Do you choose the ethical or sustainable alternative as often as you can? It feels good making a purchase that helps people or the planet. But do you choose things that aren’t? I mean, do you choose a product based on the fact that it isn’t ethical? Or do you choose it because you like it, it’s cheap etc?
i.e. You ignore the ethics or sustainability of the product?
Obviously, there are schemes out there such as Fairtrade (who do great work) that tell you if something is ethical. But these schemes are like a switch. You either are or you aren’t part of it. What if a business was trying to be ethical, but wasn’t quite there yet? Or what if they ignored ethics entirely?

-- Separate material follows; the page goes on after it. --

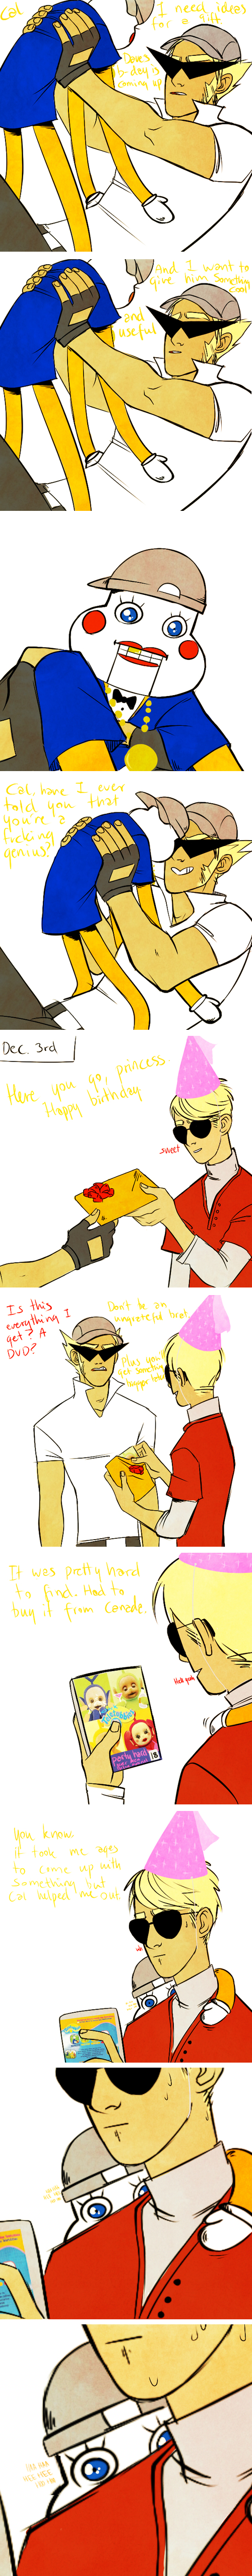 bro comic crossover dave_strider lil_cal teletubbies thelucky21

If you were buying an appliance in the UK, would you choose the product that was the least energy efficient? No, of course not. It’s difficult to even buy an appliance that isn’t highly rated for energy efficiency because it’s what consumers want.
There are many stories about brands that say they have Corporate Social Responsibility (CSR), but then we hear about them using child labour or factories that collapse on their workers, or used factories that forced pregnant workers to get abortions, or confiscating migrant workers’ passports, unsafe working conditions, sweatshops, etc. They apologise, say they ‘will do better next time’ and then it happens again. And again.
Often products are outsourced, then that company outsources, and the chain of custody is difficult to trace. That doesn’t let the corporations off the hook. The issue is that they squeeze the supply chain for all it’s worth, forcing them to cut costs.
But most of this goes unnoticed. You buy the new things in ignorance of how they’re made. It’s a bit like how much energy our appliances use. Unless we have access to the proper information, it’s difficult to make a choice. Imagine if we had no idea how much MPG our cars did and the only way of knowing was to work it out ourselves? Has food labelling changed your behaviour? Do you choose products because they have more salt in them or more calories?
The fact is that our cars are getting better mileage because we demand it, based on the information we have (OK, VW, you have a lot of answer for on this one).
The fact is that food labelling changes our behaviour in buying food. Clearly presented facts help people make informed decisions. Sales of organic and healthy foods are rising. Organic sales rose 4.9% in the UK in 2015. Non-organic sales dropped by 0.9%.
Imagine, for a moment, that food had no ingredients or nutrition labelling. Imagine you were buying a soup. Do you think that:
A. The maker would make it as healthy as possible, with low sugar and salt and no additives despite no-one knowing what was in it?
B. They would make it as tasty as possible using the cheapest ingredients and additives to maximise profits because no one knows what’s in it?
Aren’t we doing this with ethics? On nearly everything we buy, we get little, if any information. Was it made by children? Were people paid a proper wage to live on and have a life? Was it made in a factory where 150 workers threatened to commit mass suicide based on their working conditions? Was it made by forced labour or in a sweatshop?
Isn’t it time to make ethics visible?
What if we labelled what wasn’t ethical?
What if you bought jeans with a label stating ‘We can’t guarantee that child labour wasn’t used in making this product’.
Or a computer where the label states ‘We can’t guarantee the people making this weren’t paid enough to live on’.
Or food with a label with ‘we can’t guarantee that pesticides that kill bees weren’t used in making this product’ on it?
What if brands had to do something like this for example?:
A study suggested the policy of using graphic pictures of what smoking can do to your body in Canada cut smoking rates by between 12% and 20% from 2000 to 2009. They helped consumers see the consequences of their purchase.
Once we know the human cost of cheap goods or excessive profits, can consumers change the world?
How can we give consumers that power and should we?